→ **DATA**

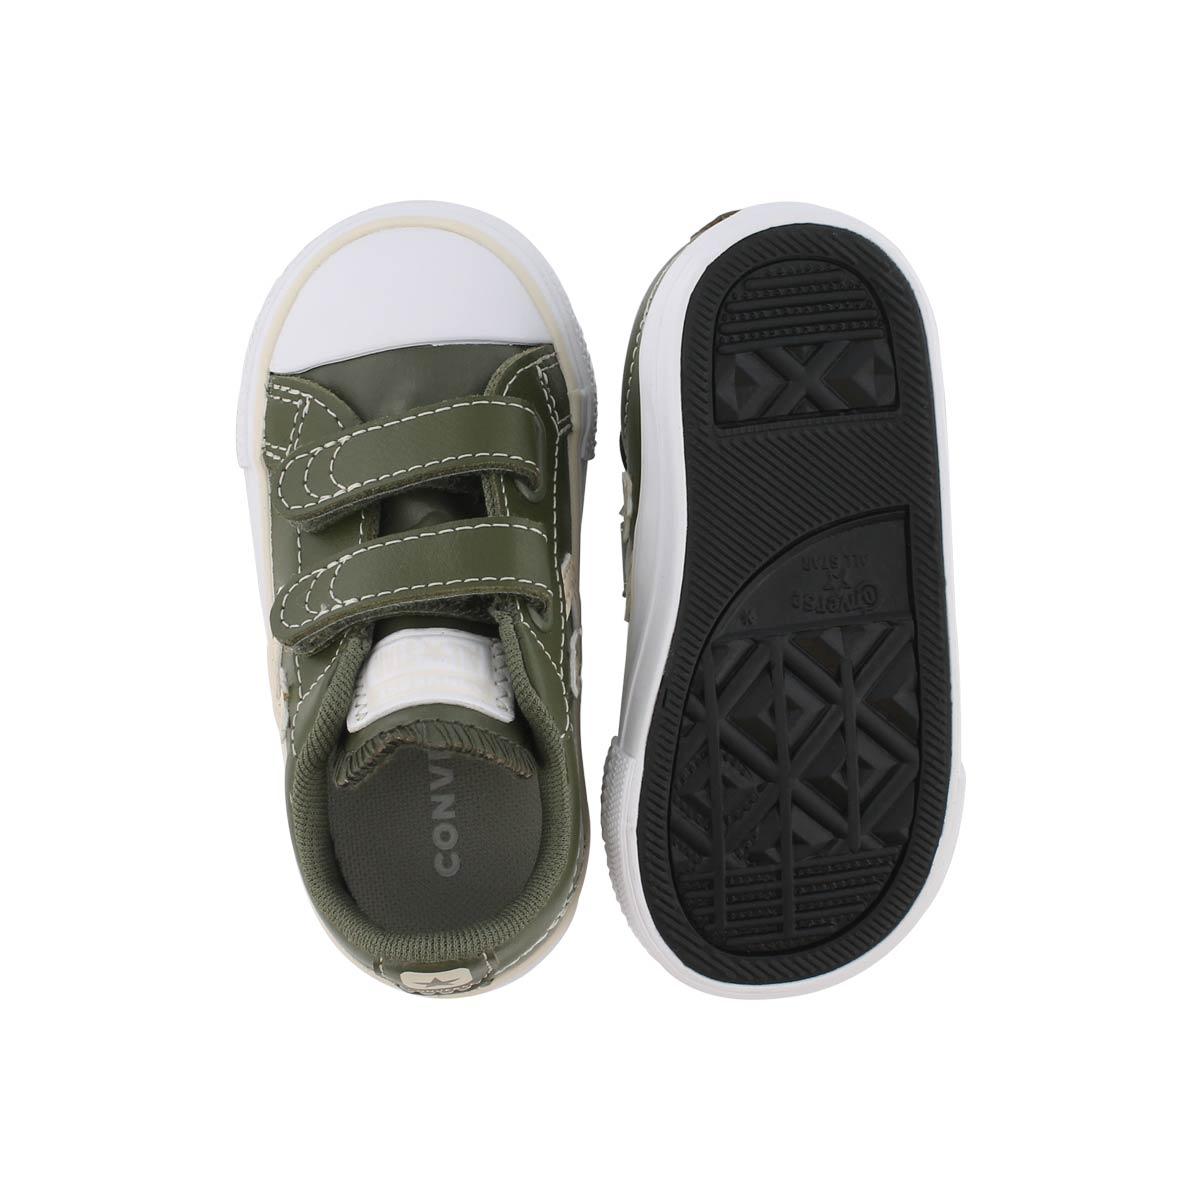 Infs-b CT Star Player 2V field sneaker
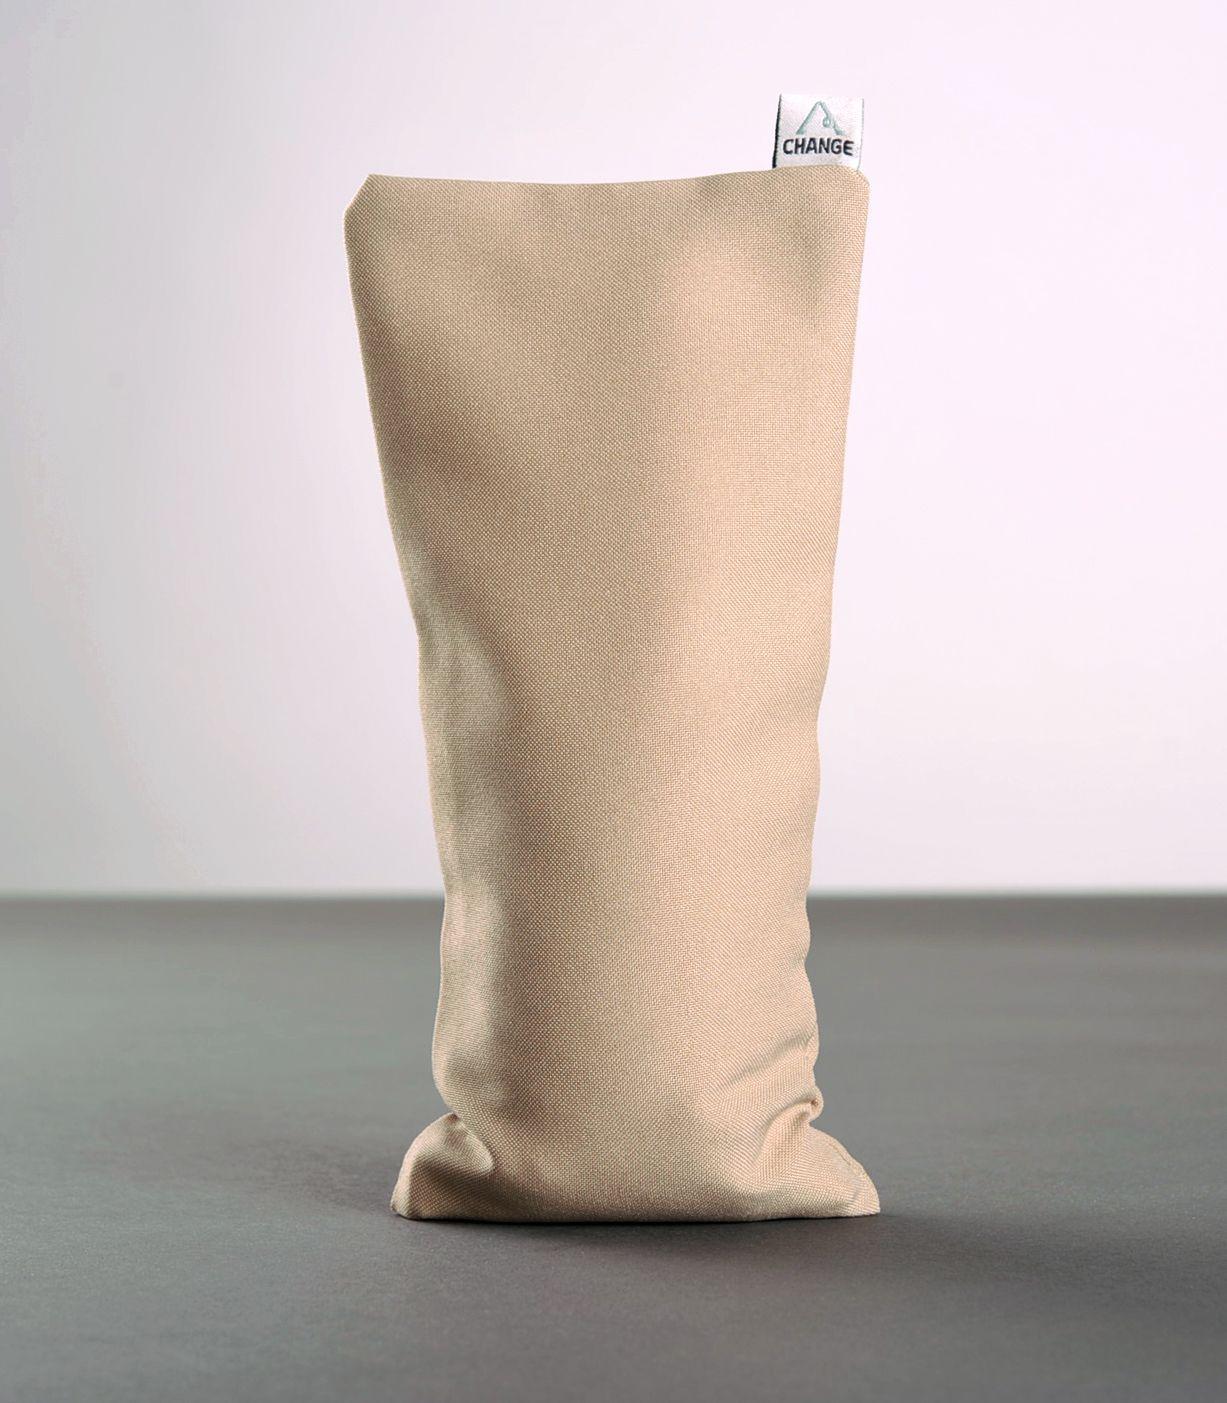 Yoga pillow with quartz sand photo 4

* * *

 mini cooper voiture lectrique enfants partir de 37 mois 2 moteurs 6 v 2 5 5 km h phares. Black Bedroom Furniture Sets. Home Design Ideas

→ **WHAT TO WORK ON**
Keep to the stretch from the line containing "Infs-b CT Star Player 2V field sneaker" through the line containing "Yoga pillow with quartz sand photo 4", both ends included, and copy it exactly from the listing above, minus the pictures.

→ **EXERCISE ANSWER**
 Infs-b CT Star Player 2V field sneaker
 Yoga pillow with quartz sand photo 4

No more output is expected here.